Эту статью «Умирающее искусство»[14] Шадр пишет по-еле Февральской революции, в июле 1917 года. В ней он защищает гражданственное понимание искусства, необходимость глубокого изучения жизни, социальных проблем. Ему кажется, что художники невнимательны к действительности, что они не прислушиваются к голосу времени.

В стране происходят огромные исторические события — война, революция. «Что же художники? Выставили ли они на сей день хоть один красивый плакат на витрине, красивую картину? Иллюстрировали они хоть один красивый, захватывающий эпизод? Ведь поймите, столько красоты, когда люди сбрасывали кандалы, когда перед взорами заключенных раскрывались темницы и падали ворота крепости. Сколько картин и никакого отклика!»

Взволнованно, страстно, порывисто обвиняет Шадр художников в забвении великих традиций.

«…Рафаэль, Рубенс, Карло Дольчи, Гвидо Рени, Веласкес, Микеланджело… Это были гиганты идеи, великие мастера кисти, богатыри духа, которые воплотили в своих произведениях историю своего века и были подлинными сыновьями своей родины.

Падем ниц и перед другими великими мастерами, как Репин, Серов, Васнецов… Они создали многое, так много трудились. Но их единицы. А выставок — море, полотен — целые горы, художников — несть им числа».

Размышляя о причинах душевной вялости и аморфности художников, Шадр приходит к обвинению общественного строя: государство не заинтересовано в развитии искусства — оно не обеспечивает художников, они вынуждены ради заработка браться за любые заказы, и эта погоня за деньгами постепенно развращает большинство из них.

«Когда художник мечтает о пяти рублях в день для своего существования, это как нельзя лучше показывает, что современный строй накладывает свой отпечаток на современное искусство».

В октябре 1917 года тяжело заболевает Татьяна Владимировна. Целые недели проводит Шадр около ее постели. Он рыщет по городу на случайном грузовике, отыскивая незакрытую аптеку: больной после операции нужен лед.

А в городе идут ожесточенные бои. В Петрограде уже действует новое, Советское правительство во главе с Владимиром Ильичем Лениным. Бои в Москве завершаются победой рабочих. Мечта скульптора о новом, справедливом строе, которую он носил в душе с юности, начинает осуществляться. Новая власть раскрывает грандиозные перспективы перед художниками.
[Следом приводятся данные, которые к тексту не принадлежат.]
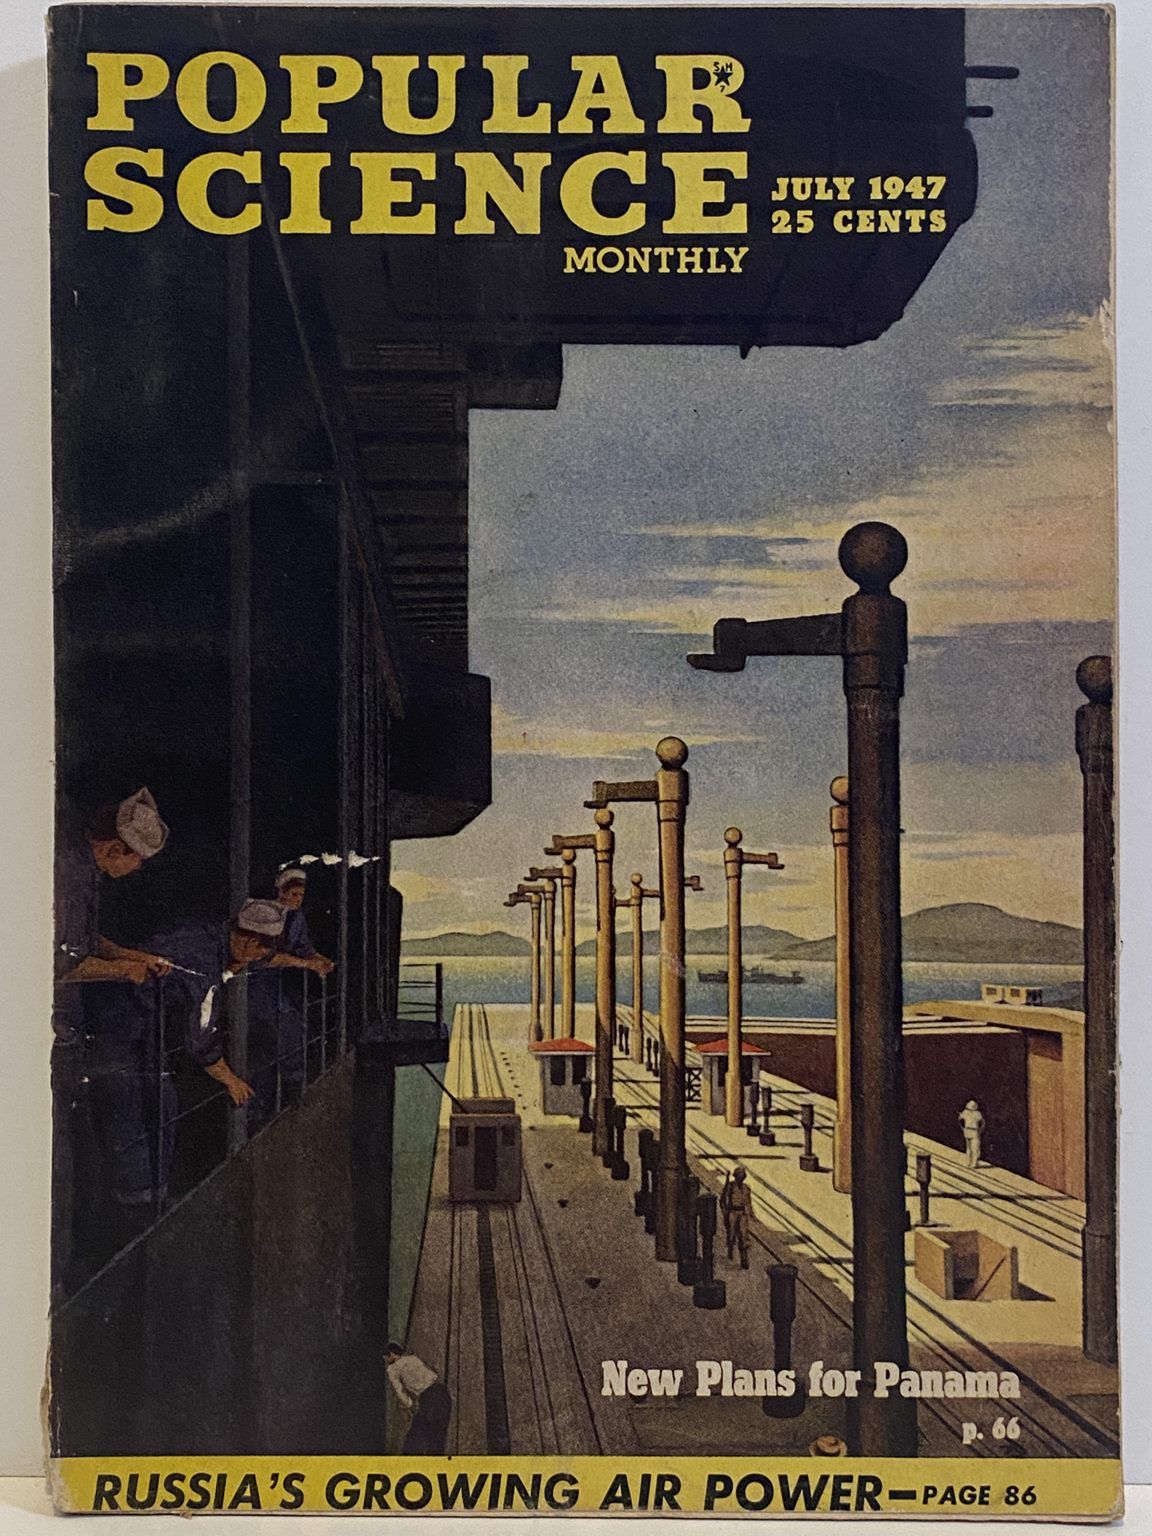 VINTAGE MAGAZINE: Popular Science, Vol. 151, No. 1 - July 1947
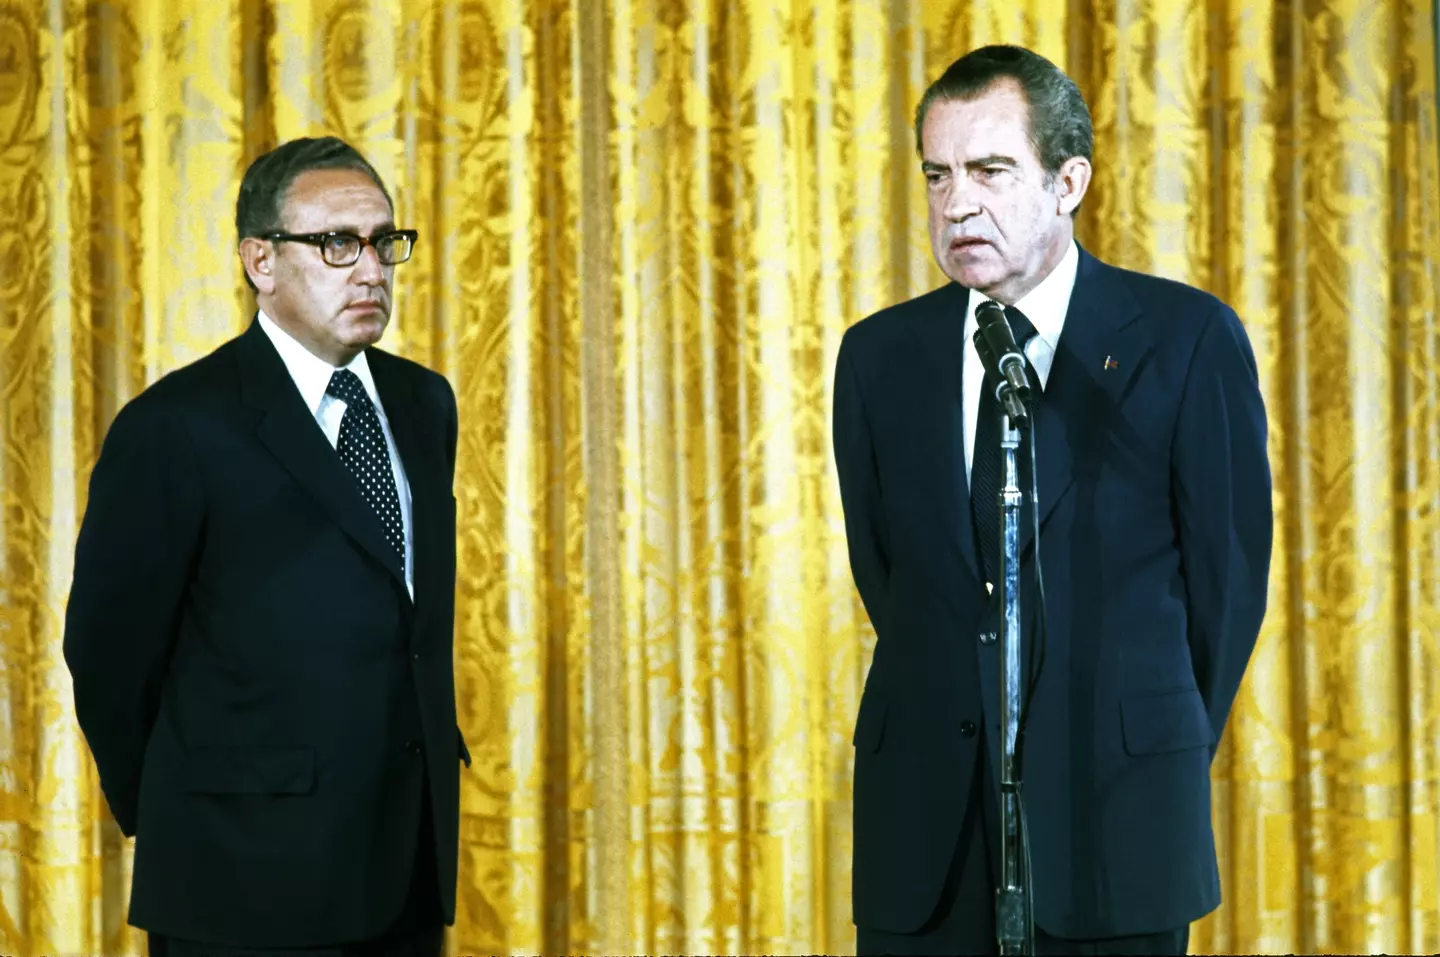 Kissinger was Secretary of State during Nixon's presidency.

Шадр страстно встречает план «монументальной пропаганды» — подписанный В. И. Лениным декрет «О снятии памятников, воздвигнутых в честь царей и их слуг, и выработке проектов памятников Российской социалистической революции», опубликованный в «Известиях вцик» 14 апреля 1918 года. Он перечитывает декрет десятки раз, выучивает его чуть ли не наизусть. Сбывается то, что еще несколько месяцев назад казалось недостижимой мечтой: революционному государству нужны памятники, воспитывающие гражданские чувства. Государство заказывает художникам памятники Марксу и Радищеву, Гарибальди и Шевченко, Герцену, Лассалю, Новикову, Добролюбову, Чернышевскому.

На декрет откликаются десятки скульпторов. Появляются первые мемориальные доски, рельефы, памятники. На Гоголевском бульваре — цементный рельеф И. Ефимова, обедающие рабочие с надписью: «Кто не работает, тот не ест». В Путинковском переулке — доска с изображением рабочего, вращающего колесо; на ней написано: «Вся наша надежда покоится на тех людях, которые сами себя кормят». На фронтоне Малого театра рельефный портрет Кропоткина работы И. Рахманова и слова: «Обществу, где труд будет свободен, нечего бояться тунеядцев».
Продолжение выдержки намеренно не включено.